• [Raw data]
◆ ◆ ◆ ◆ ◆

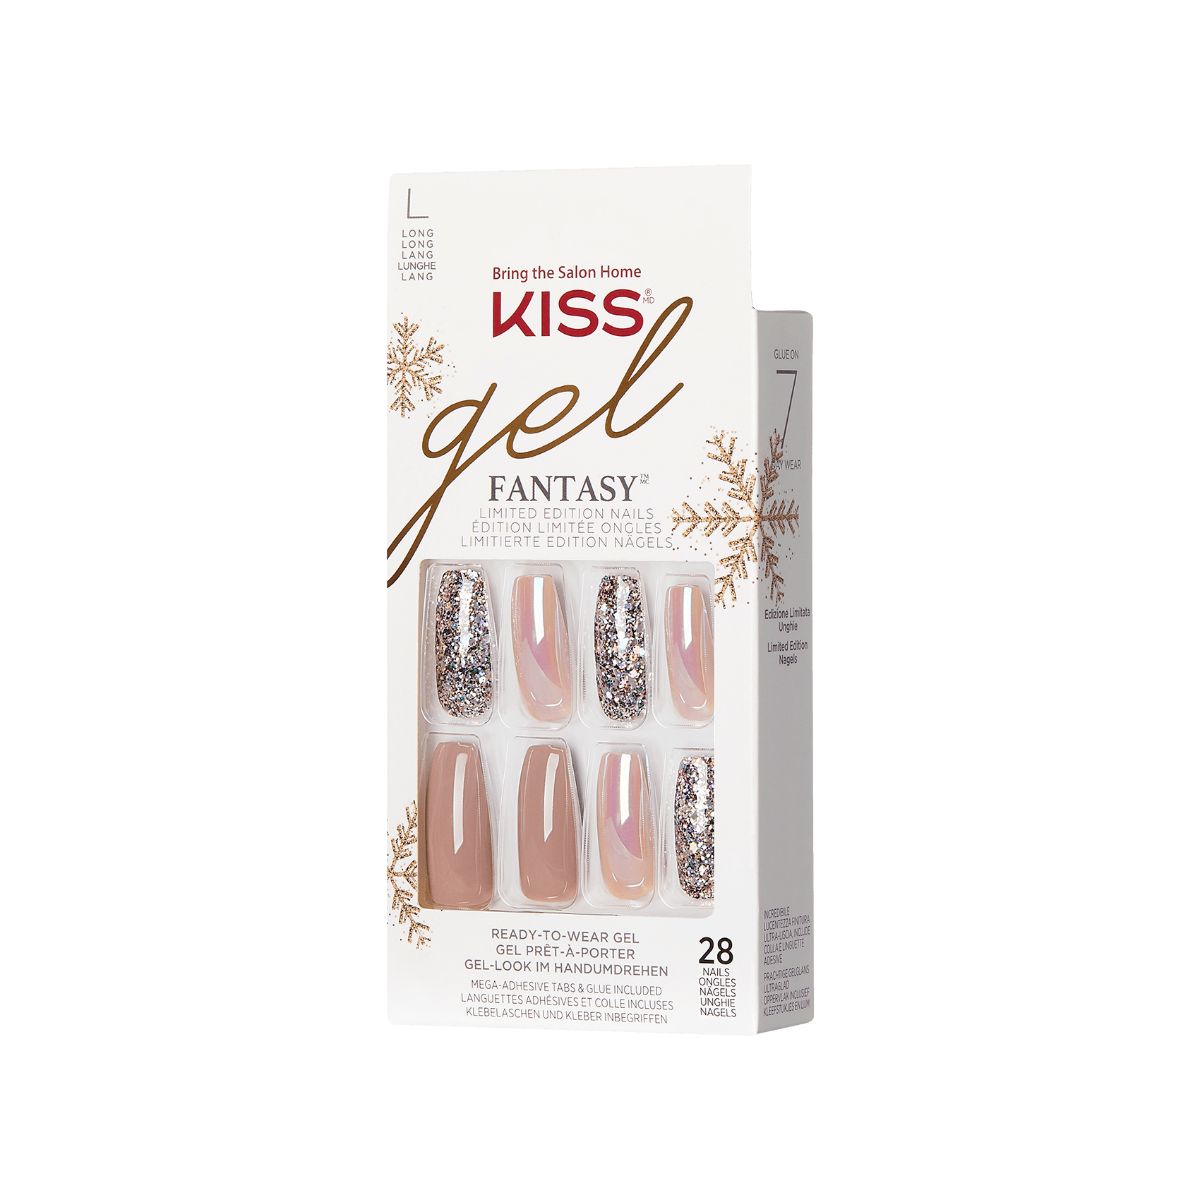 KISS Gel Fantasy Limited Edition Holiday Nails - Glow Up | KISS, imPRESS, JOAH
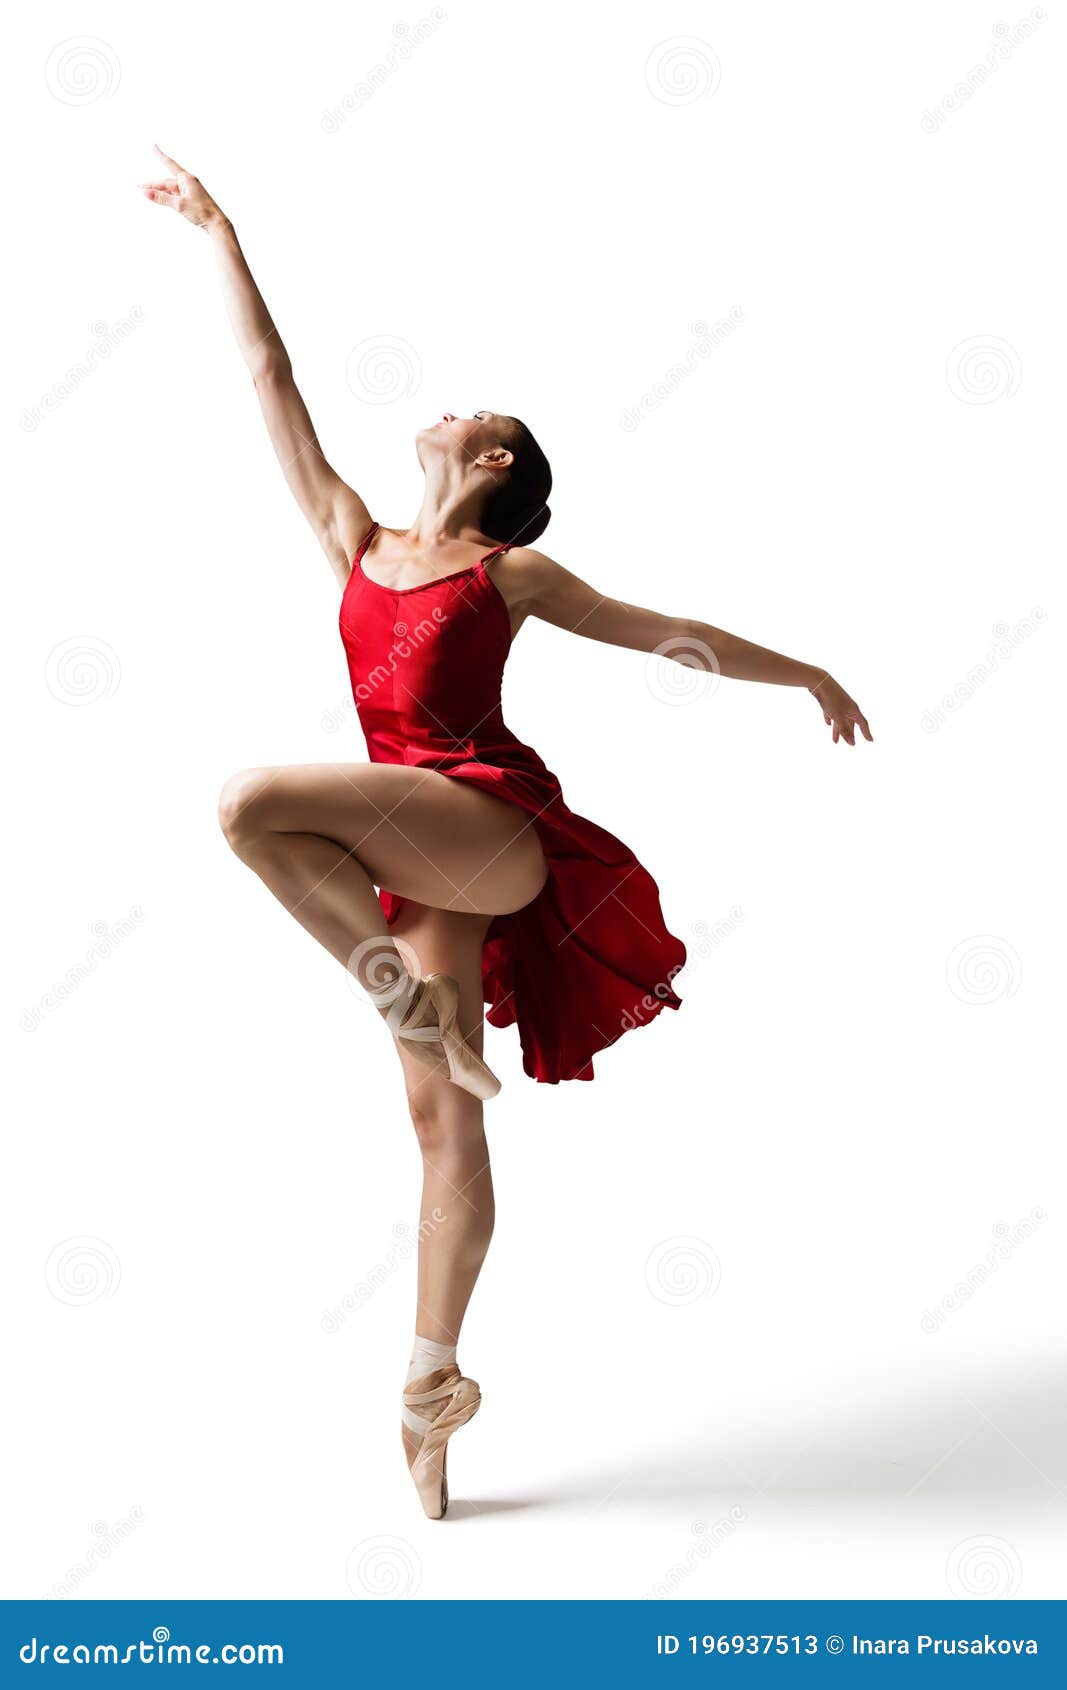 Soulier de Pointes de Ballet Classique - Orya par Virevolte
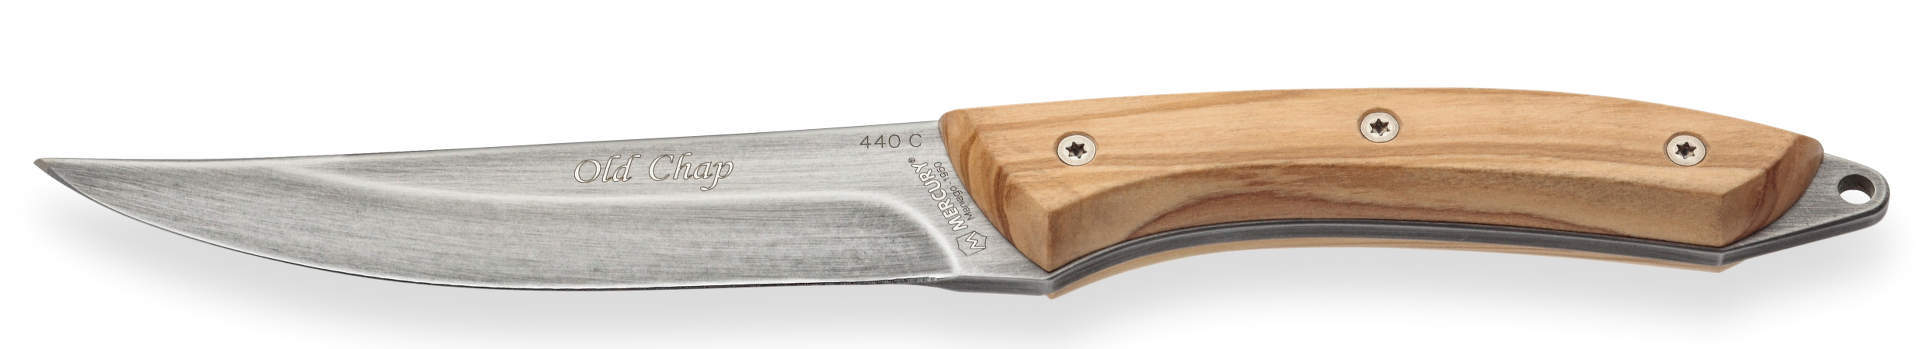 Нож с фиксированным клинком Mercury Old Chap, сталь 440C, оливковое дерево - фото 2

◆ ◆ ◆ ◆ ◆

• [Assignment] Starting with the line that holds "Soulier de Pointes", copy every line exactly through the final line of the material, but skip the pictures.

• [Solution for this problem]
 Soulier de Pointes de Ballet Classique - Orya par Virevolte
 Нож с фиксированным клинком Mercury Old Chap, сталь 440C, оливковое дерево - фото 2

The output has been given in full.